Superiority of one tool for CGA over another has not been shown [29]. In this study, we have chosen well-validated tools often used in geriatric research:

Functional status was assessed by three measures: ADL, instrumental ADL (IADL), and Timed Up and Go (TUG).

ADL was assessed by BARTHEL 100 [30,31]. It comprises 10 domains of daily living. Each domain is scored and may range from 0 (totally dependent) to 5–15 (independent). The total sum-score ranges from 0 to 100. A score of 90 and above indicates independence.

Functional Activities Questionnaire (FAQ) IADL [32,33] assesses 10 domains of daily life. The ability to handle financial matters, transportation, housekeeping, laundry, preparation of food, shopping and administration of own medications etc., is assessed. The scores range from 0 to 3 in all domains. A higher score indicates higher degree of dependence. Scores 0–1 in any domain (normal function/manages with problems) indicate independence. Scores 2–3 in any domain (needs help/dependent on help) indicate dependency. Highest sum-score is 30 indicating total dependence.

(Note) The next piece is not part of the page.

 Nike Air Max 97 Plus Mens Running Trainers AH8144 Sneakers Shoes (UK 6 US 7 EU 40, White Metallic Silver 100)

Comorbidity is the co-occurrence of other diseases in a patient with an index disease. In this context, the index disease is the cancer diagnosis. Information on comorbidity was obtained from review of hospital records supplemented with information from the patient interview using the Cumulative Indexed Rating Scale-Geriatrics (CIRS-G) [34], and this was scored according to the modified guidelines 2008 [35]. The CIRS-G assesses 14 organ systems, scoring comorbidity in each organ system by a five-point scale ranging from grade 0 (no problem) to grade 4 (extremely severe/immediate treatment required/end organ damage). CIRS-G comprises both information on diagnoses and severity of diagnoses. In addition, CIRS-G also comprises information on lifestyle factors such as smoking and abuse of alcohol, use of, for example, anxiolytics and previous conditions such as earlier cancer diseases or kidney stones.

Mental status was assessed by Geriatric Depression Scale (GDS) 15-item scale [36] and Mini-Mental State Examination, (MMSE) [37]. Both were performed as interviews.

GDS assesses mood and contains 15 questions to be answered yes or no, giving a total score of 0–15. Higher scores indicate more depressive symptoms. 0–4 are normal scores. A score ≥5 indicates depression. In a Danish population of older community-dwelling persons receiving home care who had MMSE scores from 16 to 30, a cutoff point of 5 on the GDS indicated depression with a sensitivity of 83% and specificity of 84% [38].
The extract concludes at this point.